The WHO’s latest report shows that from 2018 to 2023, antibiotic resistance surged in over 40% of the pathogen-antibiotic pairs monitored, with annual increases ranging between 5% and 15%. This alarming trend threatens the effectiveness of crucial antibiotics used to combat infections affecting the urinary tract, gastrointestinal system, bloodstream, and sexually transmitted diseases like gonorrhea.

Data compiled from more than 100 countries through the WHO’s Global Antimicrobial Resistance and Use Surveillance System highlight the accelerating spread of resistance to essential drugs.

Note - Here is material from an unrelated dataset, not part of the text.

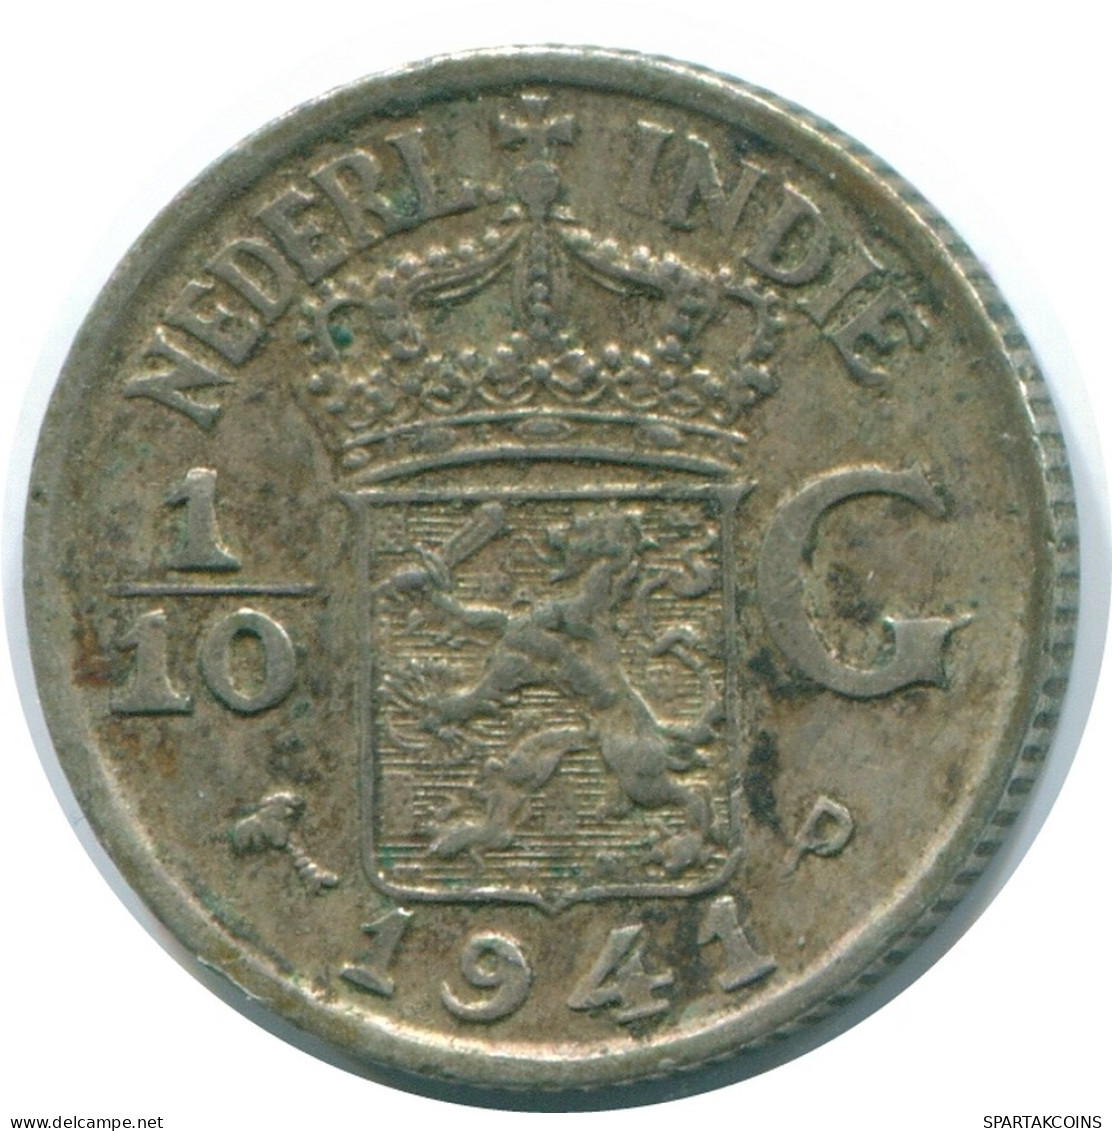 1/10 GULDEN 1941 P NETHERLANDS EAST INDIES SILVER Colonial Coin #NL13827.3.U - Indes Néerlandaises

"Antimicrobial resistance is outpacing advances in modern medicine, threatening the health of families worldwide," said WHO Director-General Tedros Adhanom Ghebreyesus.

The report identifies the highest resistance rates in the WHO South-East Asian and Eastern Mediterranean regions, where one in three infections is now drug-resistant. Particularly concerning are drug-resistant strains of E. coli and Klebsiella pneumoniae, leading causes of bloodstream infections, with over 50% of cases globally now impervious to first-line treatments.

The WHO called on nations to bolster laboratory capacity and improve the sharing of robust antimicrobial resistance data by 2030 to combat this escalating threat.